Two lawmakers from the Kenai Peninsula contend the Alaska State Legislature is closer than ever to making historic decisions on two hot button issues — a rework of the state’s oil tax system and building a gas pipeline from the North Slope.
“I think we are closer than we were in the past,” Rep. Kurt Olson, R-Soldotna, said. “... I think we’ve got a real shot at it. I think people are tired of us not doing anything.”
Olson made his comments in an interview Saturday after a town hall meeting at the George A. Navarre Borough Administration building’s assembly chambers where he and House Speaker Mike Chenault, R-Nikiski, earlier gave an update on legislative progress, heard residents’ concerns and answered questions.
Other than education-related subjects, oil taxes and gas pipeline issues dominated the mid-morning discussion. Chenault said he hopes the Legislature can wrap up on time — avoiding a summer special session — but conceded that debates on oil taxes and a gas pipeline could keep lawmakers away longer.
“I think we’ll get the operating budget, which is the only thing that we have to have done and we’ll get a capital budget done, but other than that, we’ll just see,” he said.
He said he is also optimistic House Bill 4 — his effort to help the Alaska Gasline Development Corporation usher to open season a gas pipeline — will pass the Senate.
“I don’t think there is anything in there that’s a poison pill,” he said. “We just have to get people to understand what the bill actually does and how it moves Alaska forward.”
Chenault was asked by a resident why anyone would oppose his HB4. The Nikiski Republican said he could think of many — size, location and “it’s not the right color,” he jested.
“Right now you actually have a city that is funding an ... ad campaign — you’ve probably seen the ads on TV — saying to call your legislator, tell him to vote against House Bill 4 because it is too small, it doesn’t benefit all Alaskans, it won’t raise revenue,” he said.
But, the pipeline is a sure bet to “heat Alaskan homes, Alaskan businesses, fuel Alaska’s economy and if there is any left, ship it somewhere else where we can make more money,” Chenault said.
He said some of the bill’s biggest push back last session came from Fairbanks-area lawmakers.
“Fortunately a couple of them aren’t there now,” he said. “That may be part of it. Their idea was to run a pipeline from Cook Inlet, a place that doesn’t have gas mind you, to Fairbanks, a place that doesn’t have gas. It made no sense.”
Some say the state shouldn’t be looking at a gas line because of the estimates of Cook Inlet’s resources, Chenault said. However, uncertainties plague that answer — where is it located, when will it be discovered, how long before it is place on the market and the cost.

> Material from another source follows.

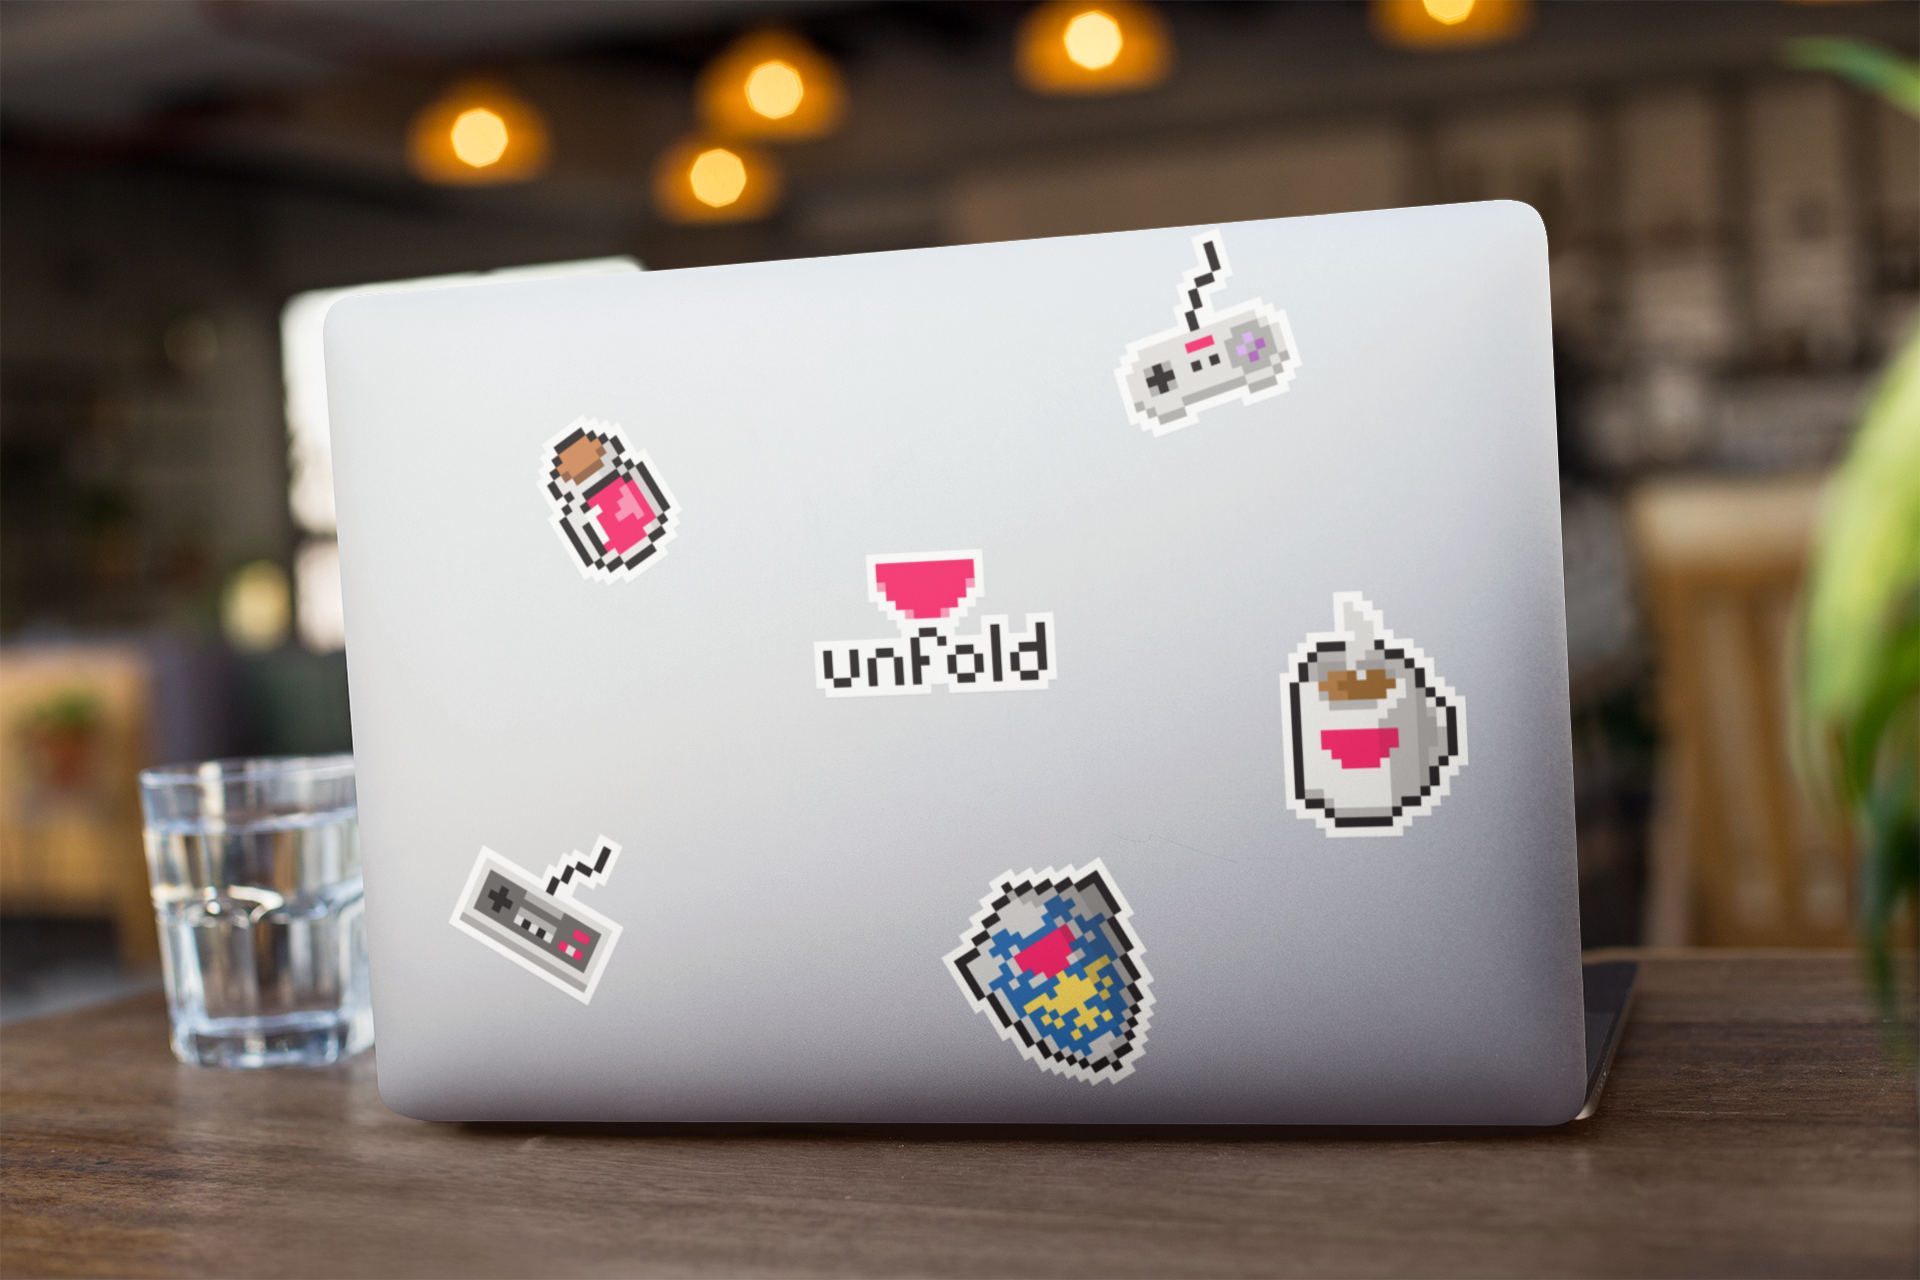 Download Dribbble - laptop-sticker-mockup-of-a-computer-on-wooden ...

If the cost of investment is too high, companies won’t drill and the area, he said, can only hope producers put more gas in the market based on the results of their oil drilling.

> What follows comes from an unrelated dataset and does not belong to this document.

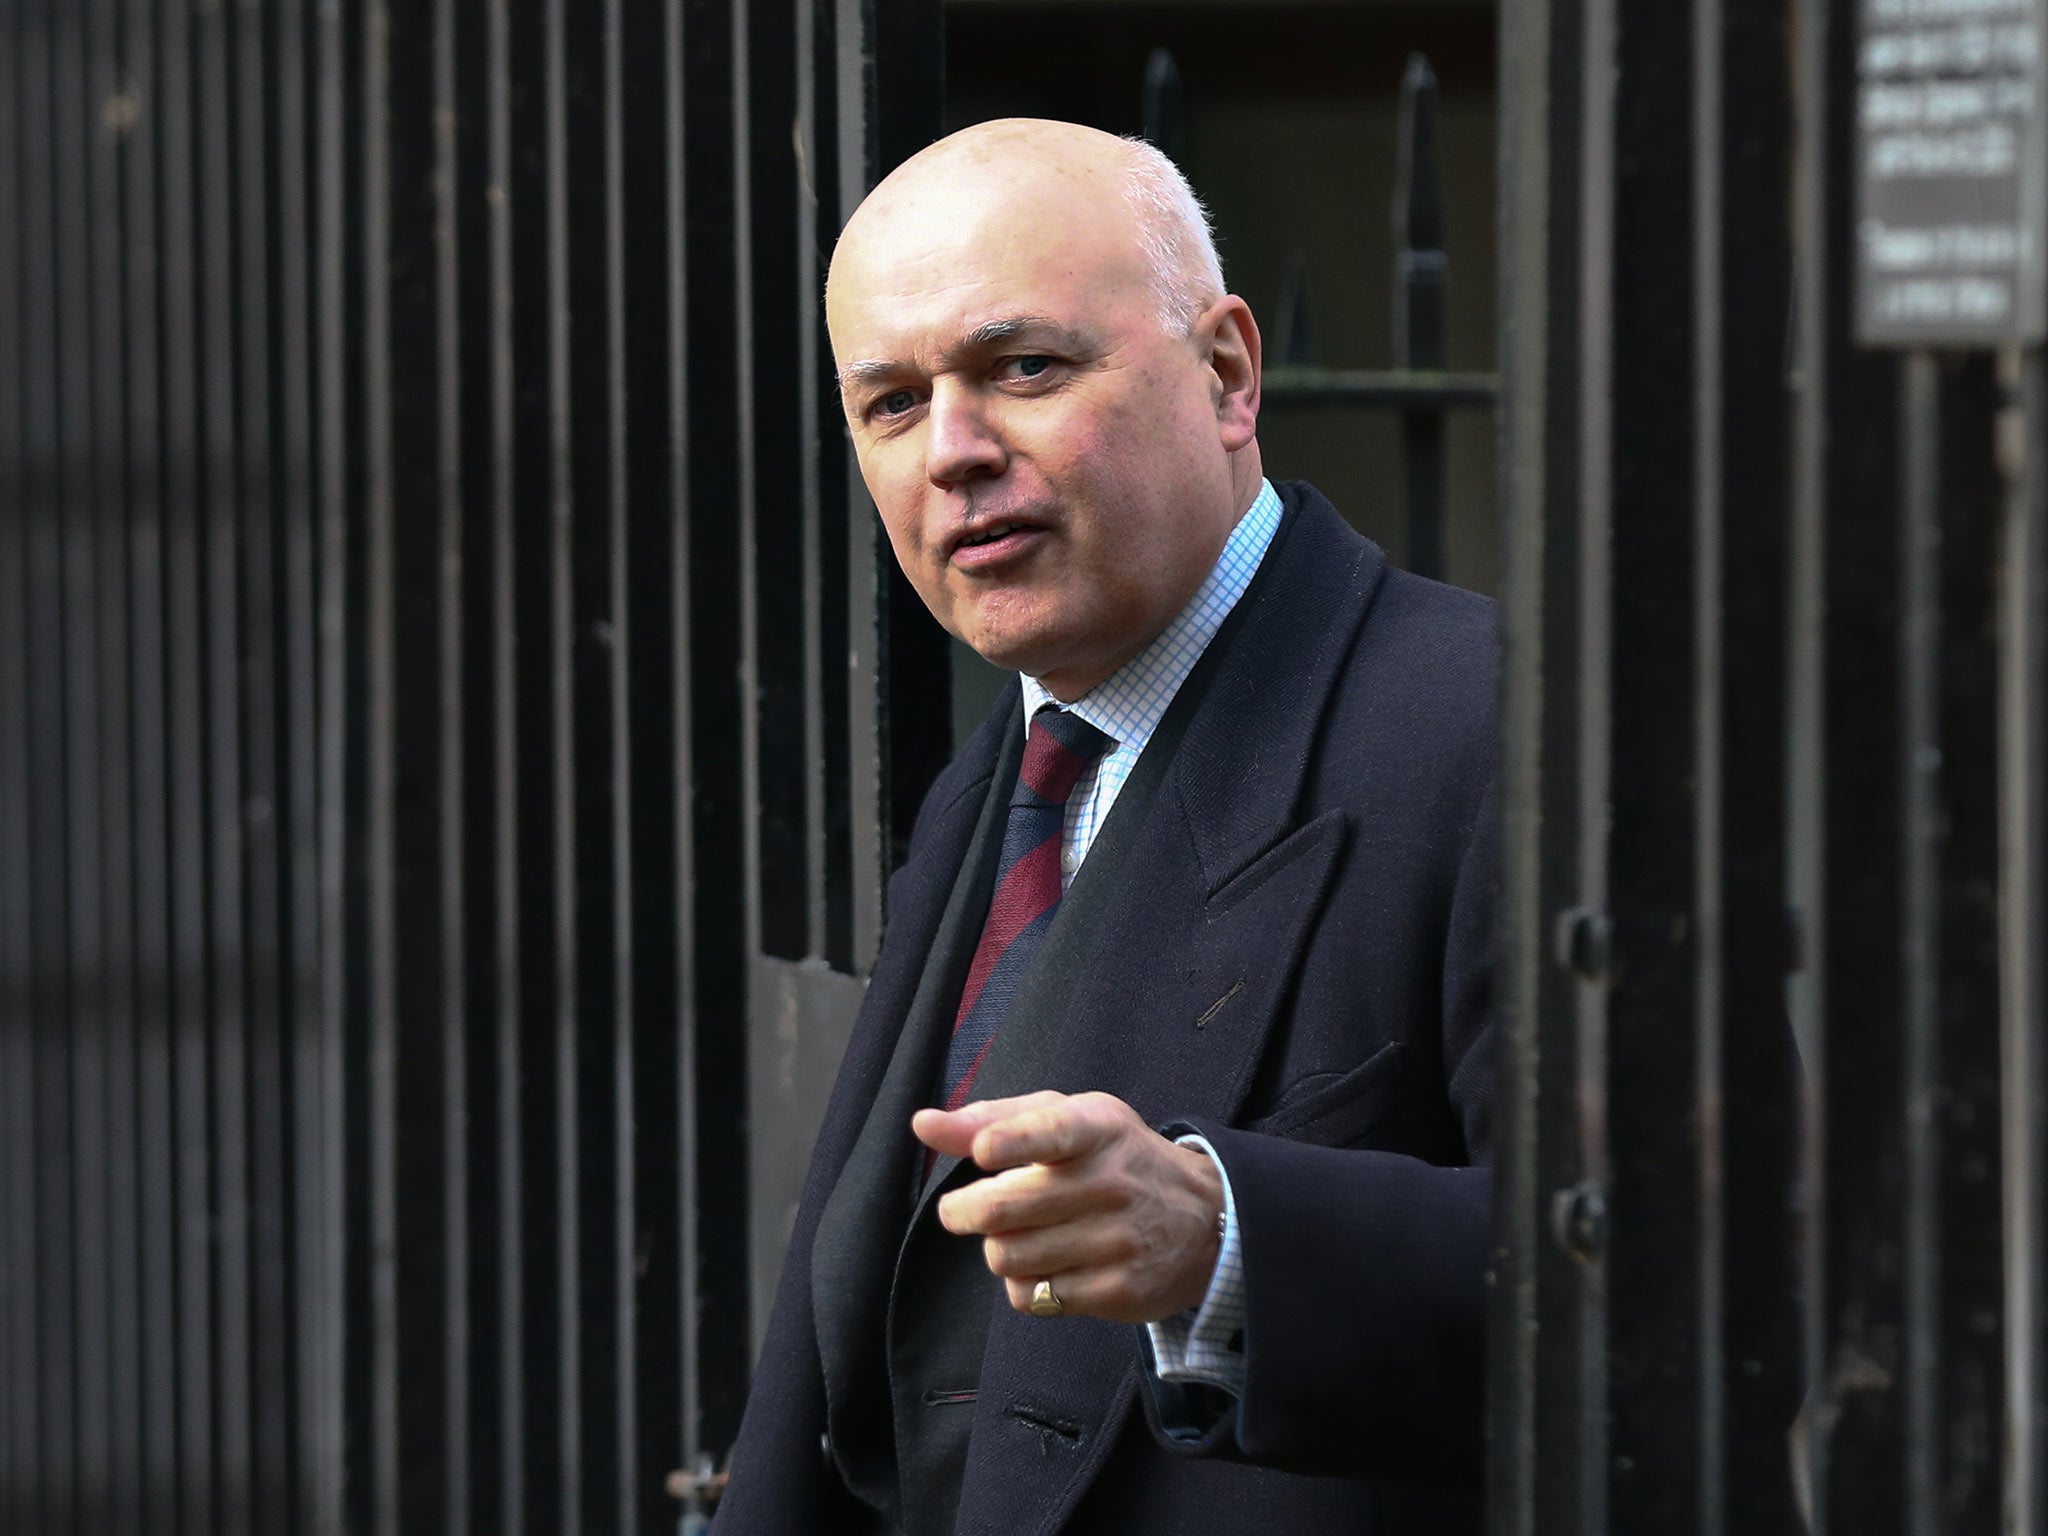 Iain Duncan Smith had reportedly threatened to resign before

“They are not going to spend hundreds of millions of dollars to develop a gas field that they can only sell gas at in the middle of winter,” he said. “It makes no economic sense.”
That strengthens the pipeline’s case, especially considering recent utility threats of possible liquefied natural gas imports to meet demand, he said.
“If we don’t find gas in Cook Inlet and if a gas pipeline doesn’t get here in time, that may be the only option that’s out there,” he said of importing LNG. “I think it’ll be a sad day for Alaskans whenever we import LNG from a foreign country to fuel our energy needs when we have 35Ts of known gas sitting at Prudhoe Bay.”
Both Olson and Chenault said they have not seen Senate Bill 21, an oil tax overhaul approved by the Senate on Wednesday. However, both representatives said it was time for action.
“The majority feel ACES should be modified,” Chenault said. “We talk about, ‘We need to take our time, we need to consider it, we need to think about it.’ For those that weren’t here, ACES was passed across the House and the Senate floor in 30 days ... we have taken four years looking at ACES and modifications to it.”
Continued declining oil production and lack of new investment “spells disaster in a short period of time,” for the state’s finances, he said.
“I don’t think that puts us up against a wall that we have to (pass oil tax reform),” he said. “But, people are concerned that we are going to be deficit spending if we pass the bill. We are going to be deficit spending if we don’t pass the bill.”
Said Chenault, “I’m willing to give up a little bit today to increase the production to last into the future.”
Olson said the only thing keeping the state afloat is the current high price of oil.
“I’ve been through three cycles — it is amazing how fast it can drop when something happens world wide that has an impact,” he said. “We could be back down to below $40 in six months and not even know it. Well, we would know it because we’d be broke.”